Osée a prophétisé pendant le règne de Jéroboam II au 8e siècle (750 av J.C.). C’était un temps de grande incertitude, mais aussi un temps de grande prospérité. Osée est le premier dans une lignée de prophètes qui prédit la chute d’Israël. Il apparaît même avant Ésaïe. Il prédit bien à l’avance la captivité des 10 tribus du Nord , et son ministère s’étirera entre 40-50 ans. Il verra l’accomplissement même de ce qu’il aura prédit. La structure de sa lettre s’organise en deux grandes parties (ch. 1-3 et 4-14). Le fait que son propre mariage est un reflet de la relation de Dieu avec son peuple mérite une attention toute particulière.

L’histoire d’Osée est un peu difficile à lire. Dès le début du livre (1:2) on apprend que Dieu lui demande d’épouser une femme qui a le caractère d’une prostitué. Au fur est à mesure qu’on avance dans le livre, on réalise que la leçon de Dieu pour son peuple sera vécue au travers de la vie d’Osée. Chose étrange pour un prophète ?

Osée et Gomer fondent une famille. Ils ont trois enfants, les deux derniers son apparemment illégitimes. Puis, elle le quitte. Elle se fou de lui. Lui a l’air d’un imbécile en train d’essayer de regagner son affection. Elle, démontre sa folie en s’attachant à un autre homme pensant qu’il peut répondre à tous ses besoins. Les choses ne tournent pas bien pour Gomer. Elle devient son esclave, et arrive à désespérer de la vie-même .

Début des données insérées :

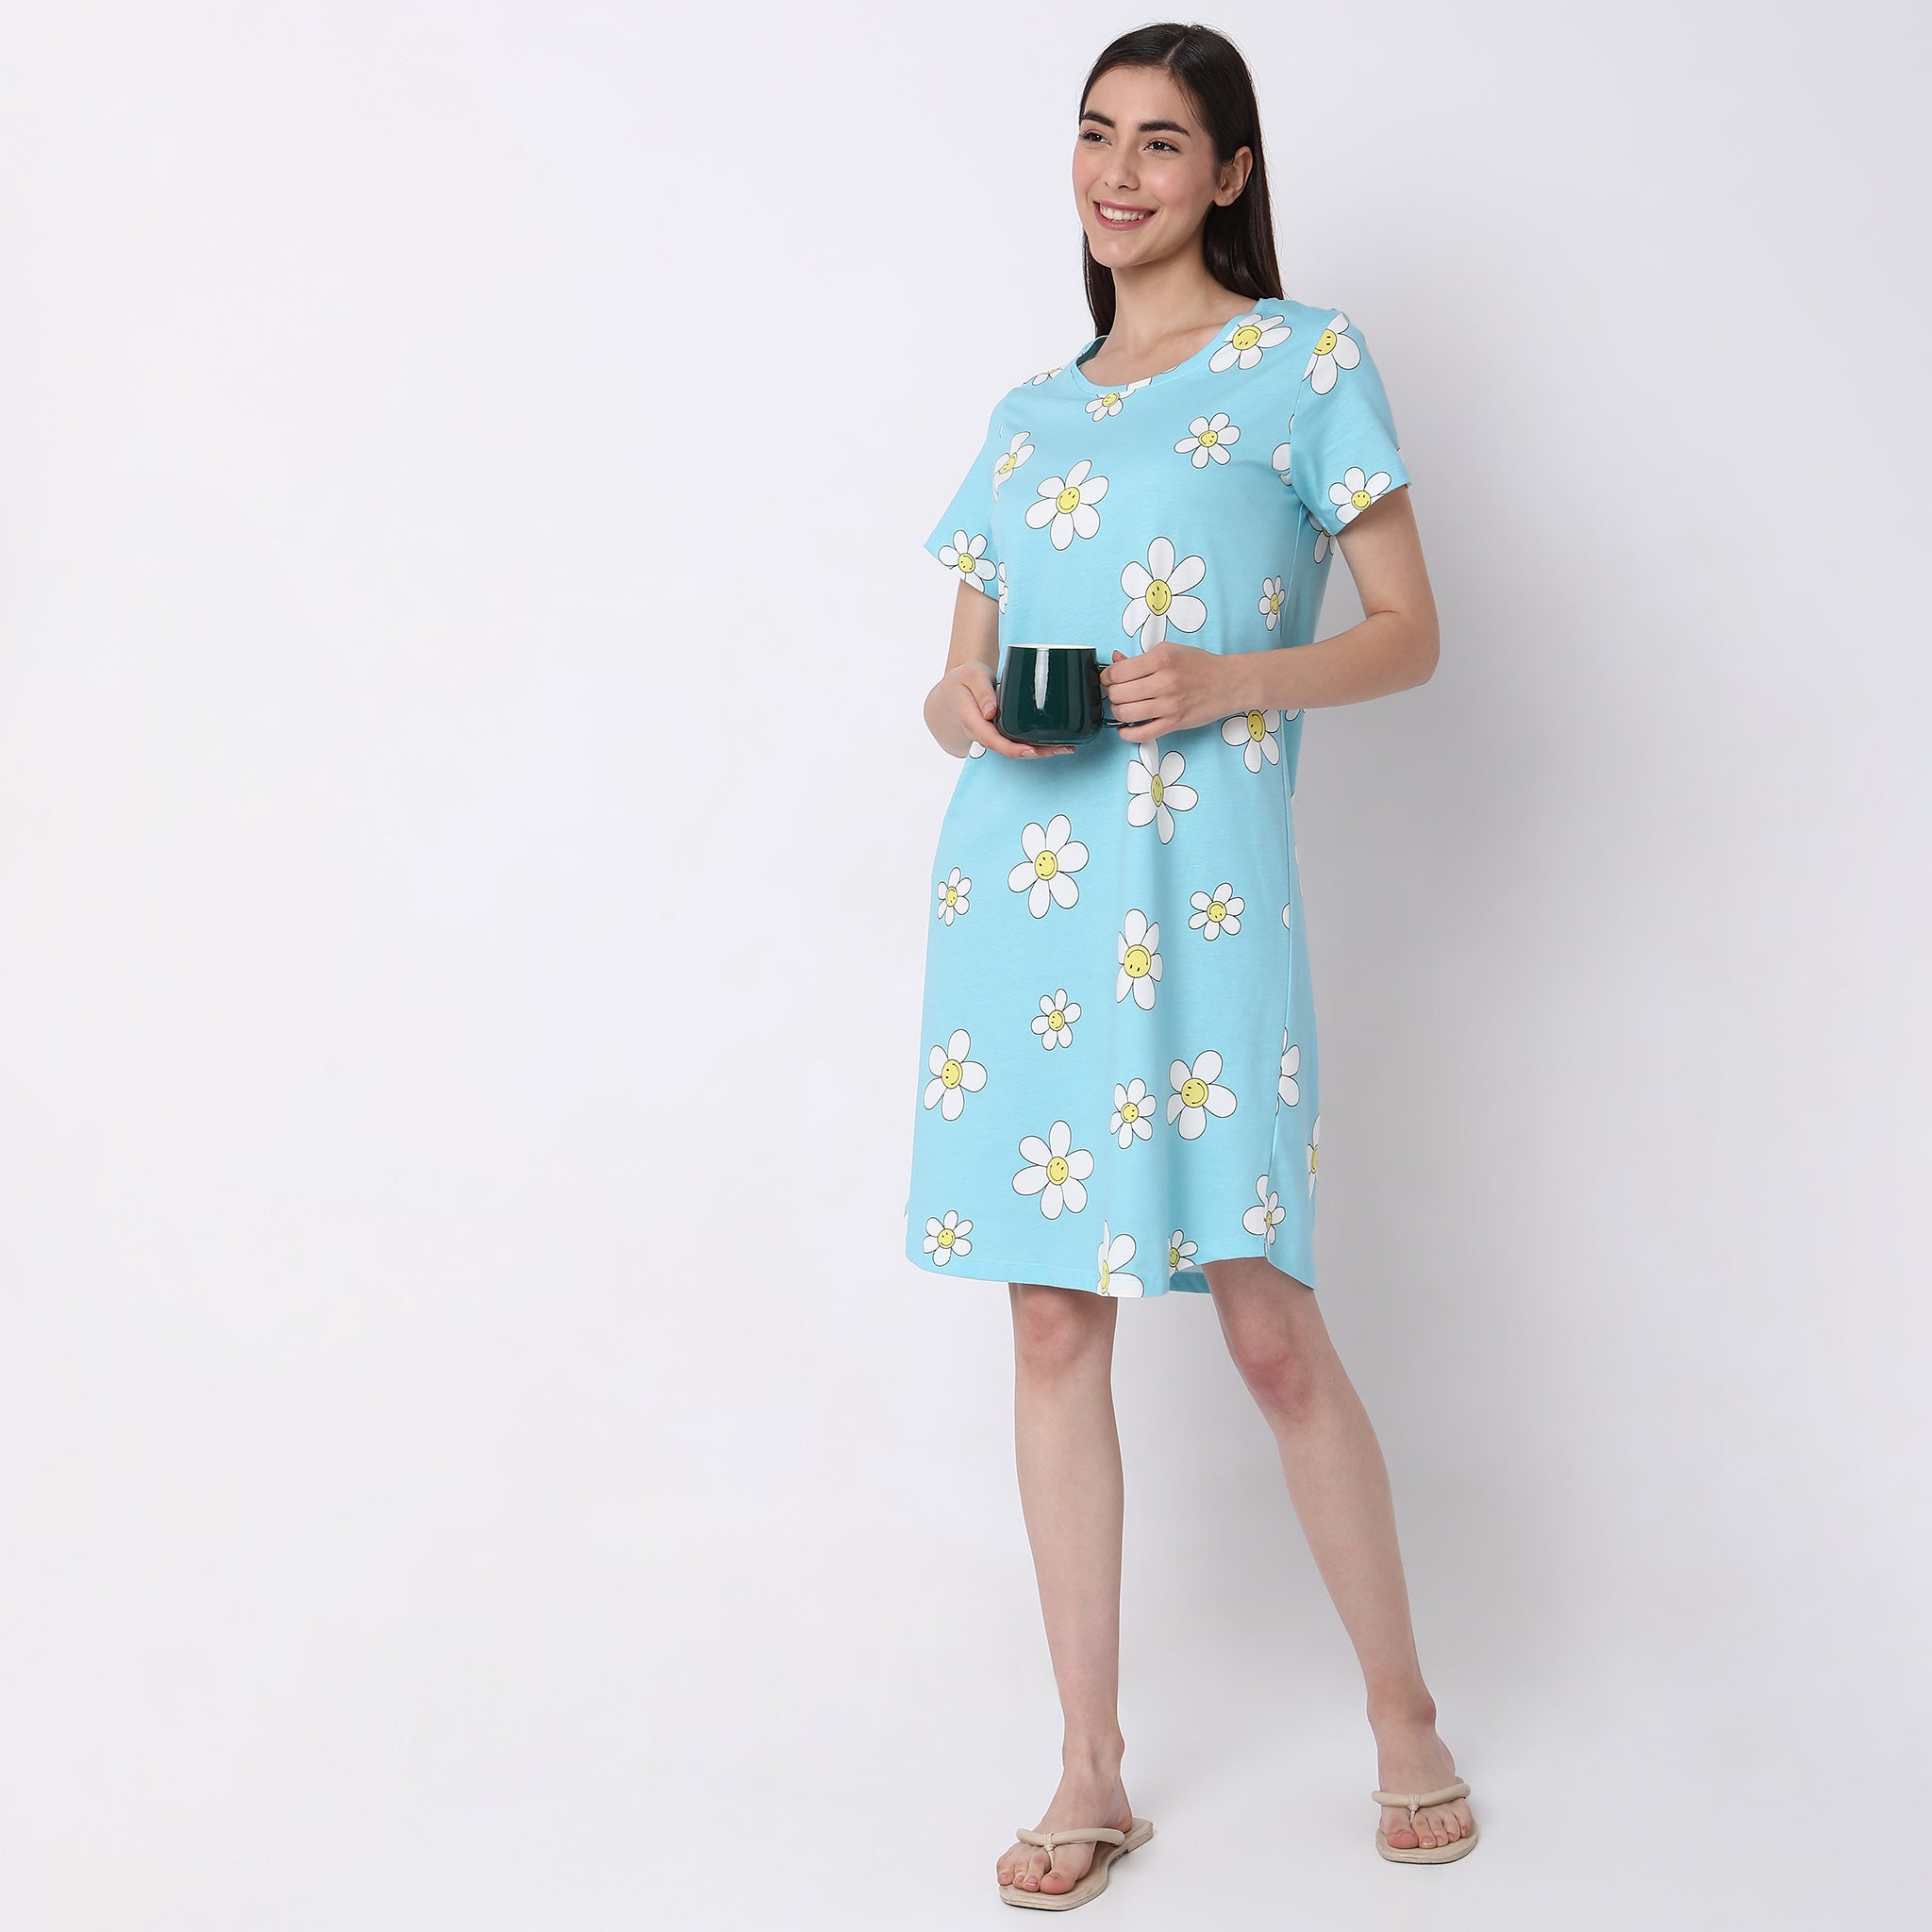 10 FREE Graduation Dress Sewing Patterns - MHS Blog

Les choix de Gomer sont révélateurs. Elle se moque de la fidélité envers son mari et elle tourne le dos sur les valeurs bibliques qui sont la fondation même d’Israël. Mais Gomer n’est pas toute seule. Même si Israël avait l’apparence de rendre un culte au Dieu d’Abraham, d’Isaac, et Jacob, elle le faisait par politesse tout en orientant son adoration aux dieux étrangers. La prospérité d’Israël donna la fausse impression que les libertés et les plaisirs desquelles elle jouissait étaient le résultat de ses propres forces. (voir Osée 2:8; 12:8-10)

1 Corinthiens 1:25 nous rappelle que, « …la folie de Dieu est plus sage que les hommes, et la faiblesse de Dieu est plus forte que les hommes. »

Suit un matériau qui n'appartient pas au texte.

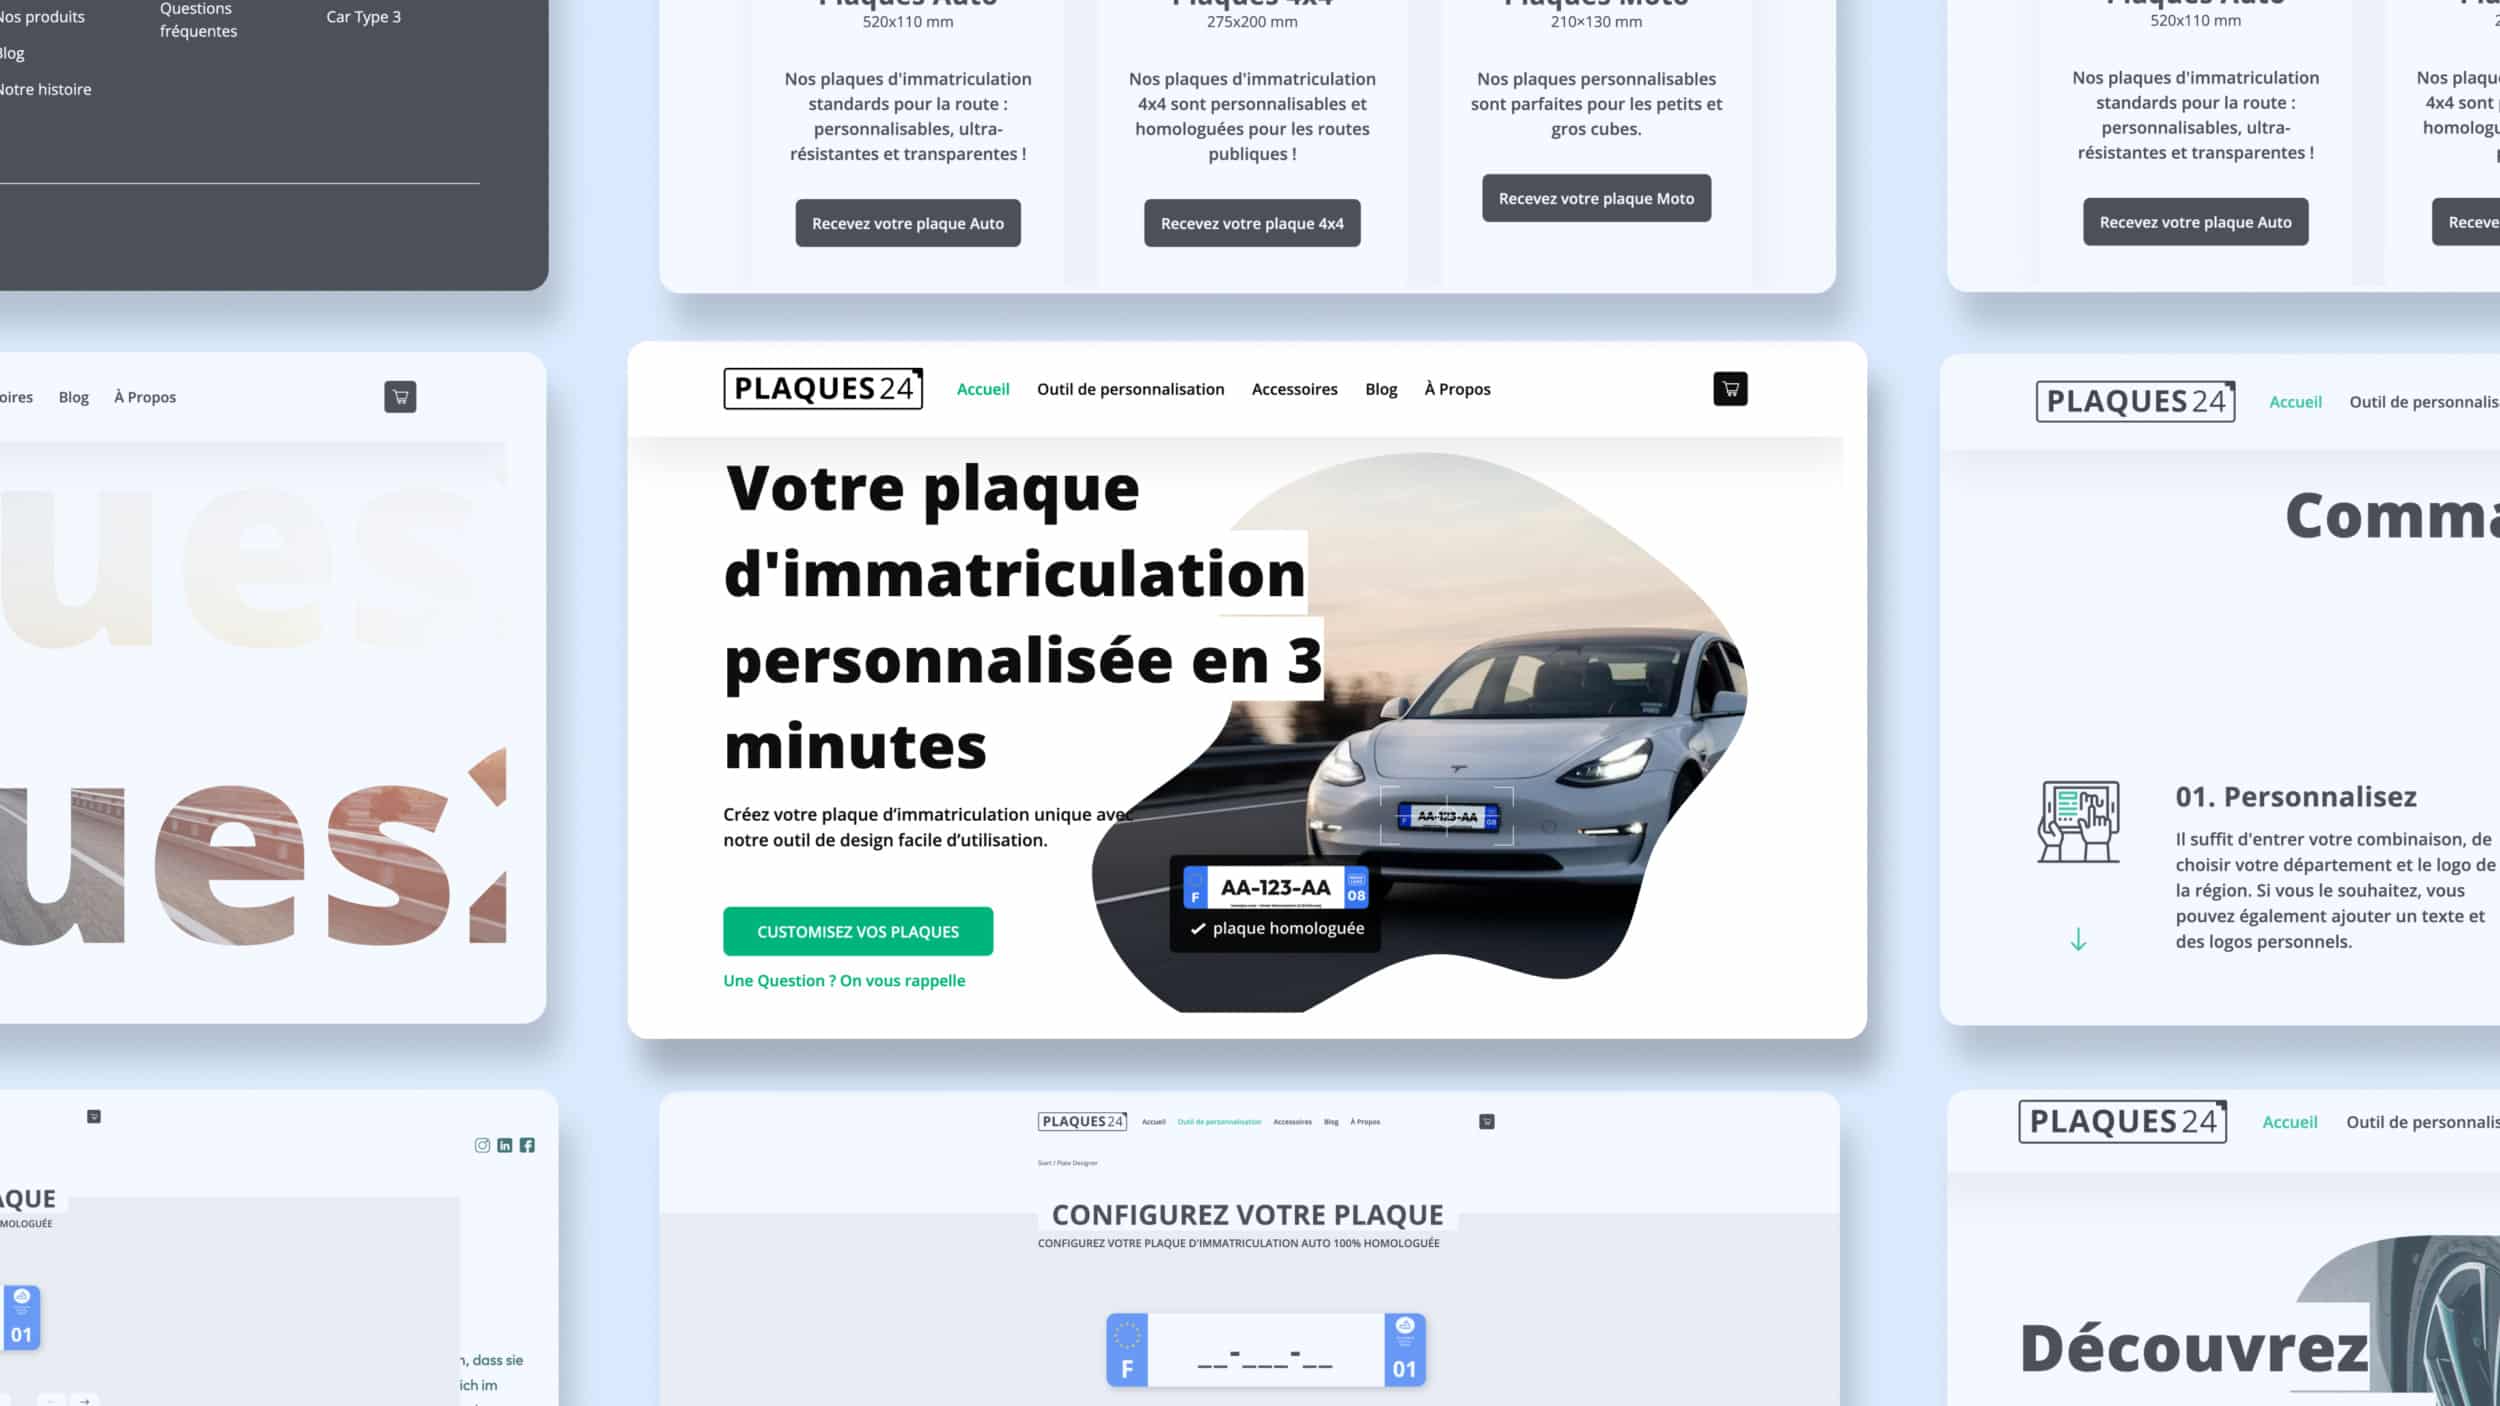 Plaques24 Webdesign

Nous ne sommes pas trop différents de Gomer à cet égard. Combien de fois assumons-nous que nous sommes mieux placé que Dieu de déterminer les choses meilleures dans nos vies?Et  combien de fois accusons-nous Dieu d’être responsable des conséquences de nos mauvais choix tout en se félicitant à chaque fois que nous expérimentons les bénédictions non-méritées.

On comprend mal la sagesse souveraine de Dieu lorsqu’on le voit agir seulement dans un aspect de nos vies. En réalité, Dieu est en train d’affecter des millions de choses différentes, pas seulement dans ma vie, mais dans la vie des autres autour de moi, et dans toute l’histoire. Notre histoire personnelle est connectée à l’histoire rédemptrice du monde. Nous sommes un point de couleur sur le canevas gigantesque de l’éternité.

 C’est dans cette optique que l’apôtre Paul affirme, « Nous savons, du reste, que toutes choses concourent au bien de ceux qui aiment Dieu, de ceux qui sont appelés selon son dessein. » (Rom 8:29)

Voilà le réconfort d’Osée. Voilà la leçon que Gomer doit apprendre et par conséquent, la leçon pour Israël qui oublie que seul le Dieu de l’histoire donne un sens à sa vie, à sa raison d’être. La souveraineté de Dieu est une souveraineté sage. Il tisse sa volonté au travers de nos histoires individuelles pour notre bien et pour sa gloire, car il est un bon Dieu.